Like most European democracies, Israel’s constitutional protection of speech has long been narrower than America’s. One example is that speech restraints have long been used against right-wing groups. Just recently, a prominent right-wing activist has been prosecuted for “insulting a public official,” after denouncing those responsible for expelling Jewish families from Gaza in 2005. In recent weeks, police have arrested several rabbis for authoring or endorsing obscure treatises of religious law that discuss (allegedly too leniently) the permissibility of killing enemy civilians in wartime...

...Israel’s current practice is clearly well within the limits of an open democracy. Singling out Israel for laws that are identical to, or just as restrictive as, laws on the books in America and Europe manifests the very problem that exists with the boycotts themselves – the application of an entirely different set of standards to Israel than to the rest of the free world.

Kontorovich makes an extremely compelling case that Israel's new law is completely in line with the range of speech laws exemplified by many democratic countries. I, for one, am convinced that it is completely unfair to claim that Israel is undemocratic for passing this law.

That being said, the law remains a terrible idea. Kontorovich is right that Israel is being held to a risible double standard, but the answer isn't to lower the standard of freedom for Israel, it is to raise the standard of freedom for everyone else. Other democracies with restrictive speech laws, including Europe, Canada and others, should pass new laws permitting the expression of any opinion, even offensive and harmful opinions, because that's the right thing to do. The goal shouldn't be matching precedent, it should be doing what is right.

The dodge of right and wrong by fleeing to precedent is a common pattern when Israel is unfairly singled out (i.e., depressingly frequently): critics point out something Israel has done wrong, and Israel's defenders immediately shout to the high heavens that every other country does it and nobody ever complains, and that's unfair in a very sinister way.

They're absolutely right: it's monumentally unfair, and often sinister, and the use of the double standard as a stealth weapon in the PR war against Israel must be exposed and combated. That important conversation, however, (the one about fairness and double standards) ought to be separate from conversations about specific criticisms of specific actions. Responding to a specific criticism by pointing to the double standard is a dodge, and a mistake.

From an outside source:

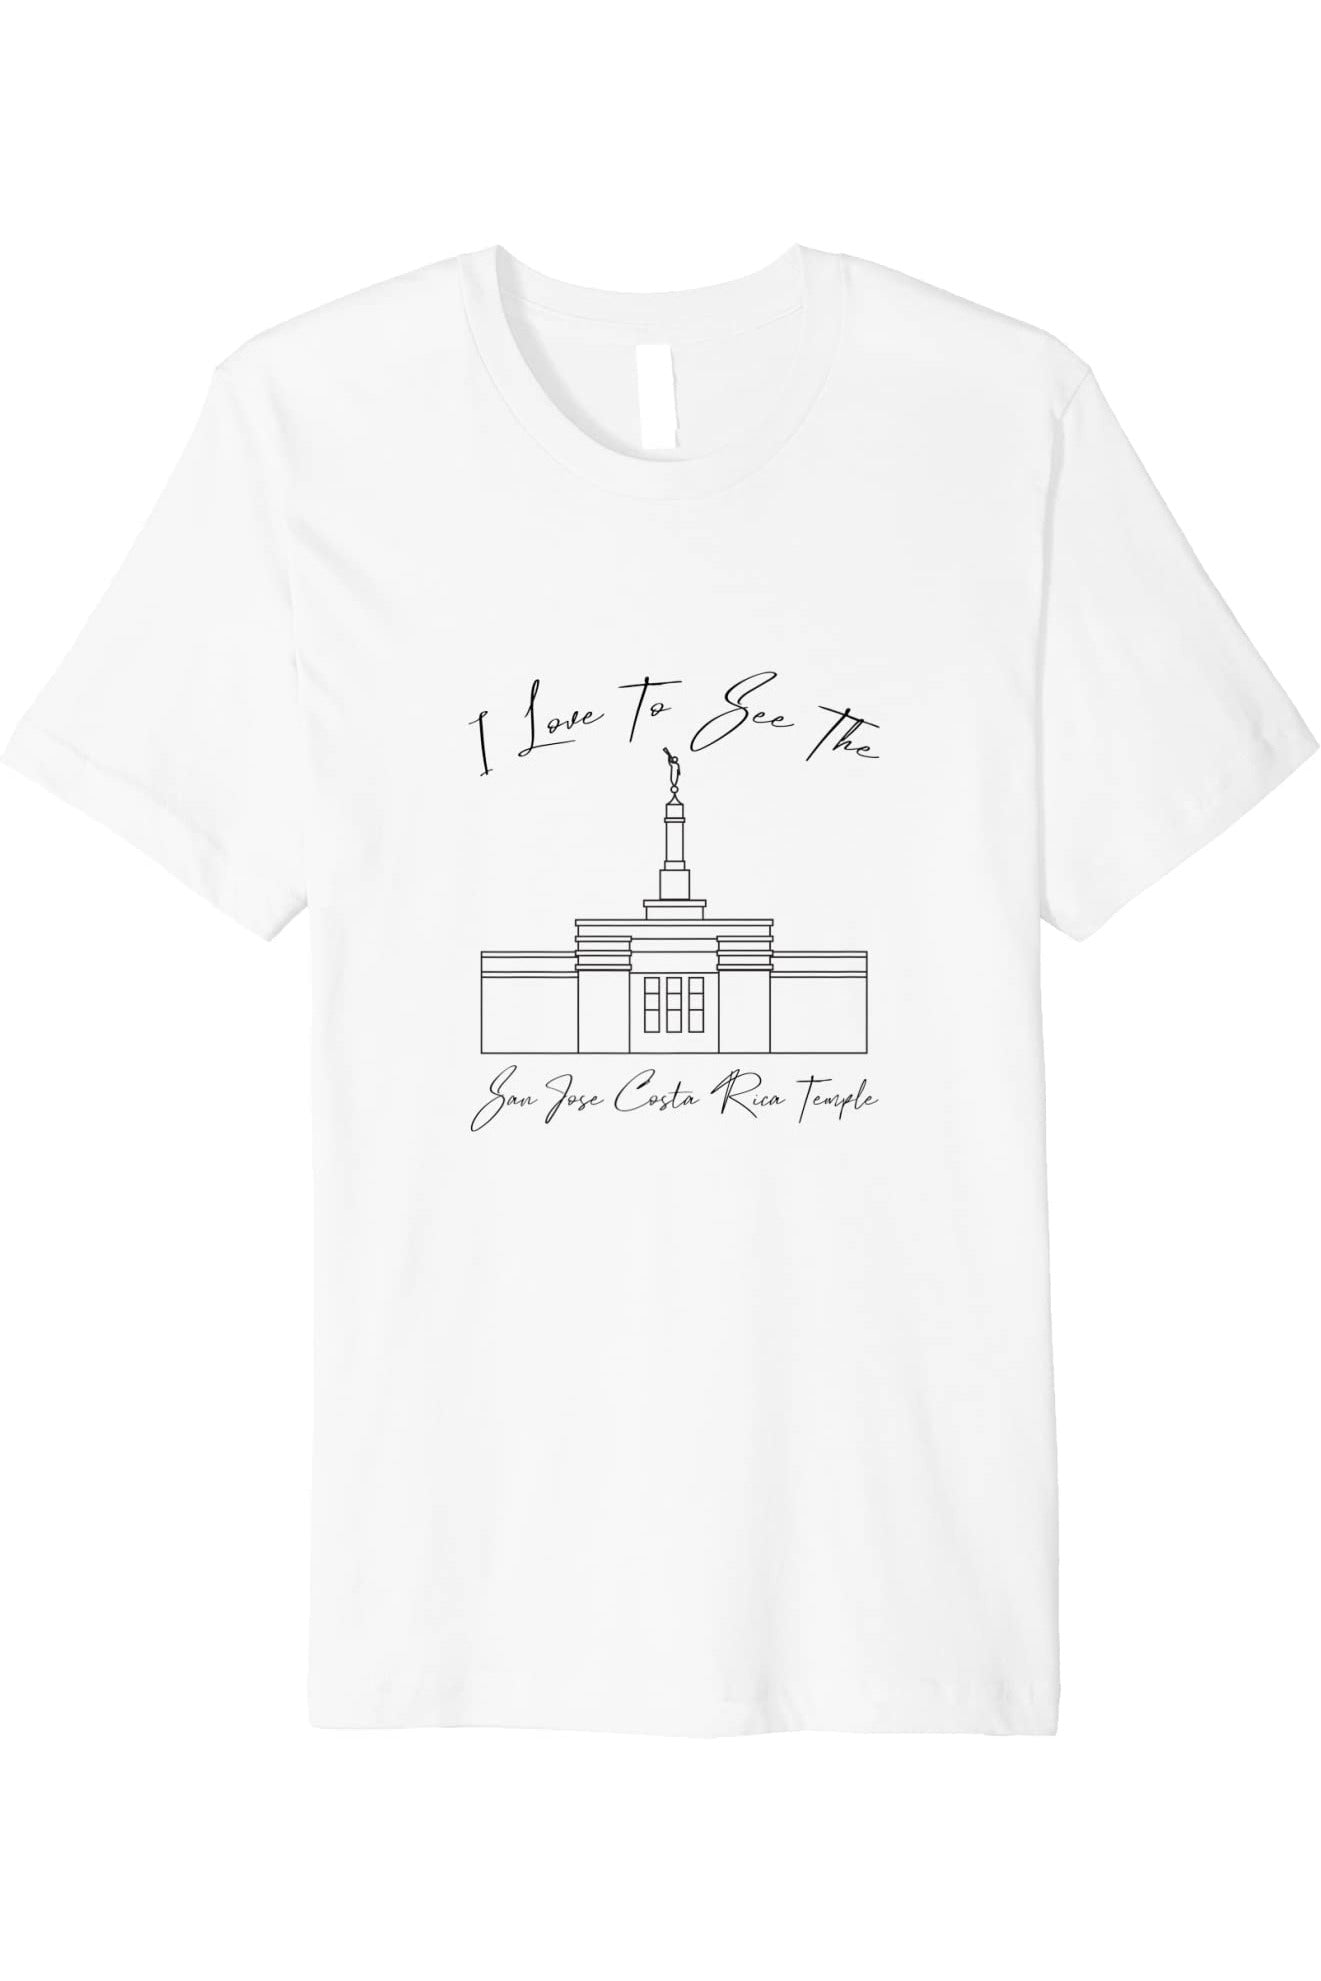 San Jose Costa Rica Temple T-Shirt - Premium - Calligraphy Style (English) US

When it comes to a specific criticism, the crux of the matter is always this: either the action Israel did was wrong, or it's right. If the action was right, then the double standard is a red herring; respond to criticism by demonstrating that the action was right. If the action was wrong, then the double standard remains a red herring; respond to the criticism by acknowledging that the action was wrong, and figure out how to fix it.

In the case of this anti-boycott law, the idea that the state can stop people from advocating that their fellow citizens use their purchasing power to make a political statement is just wrong, even if that political statement is despicable. If freedom of speech means anything, it means freedom of advocacy.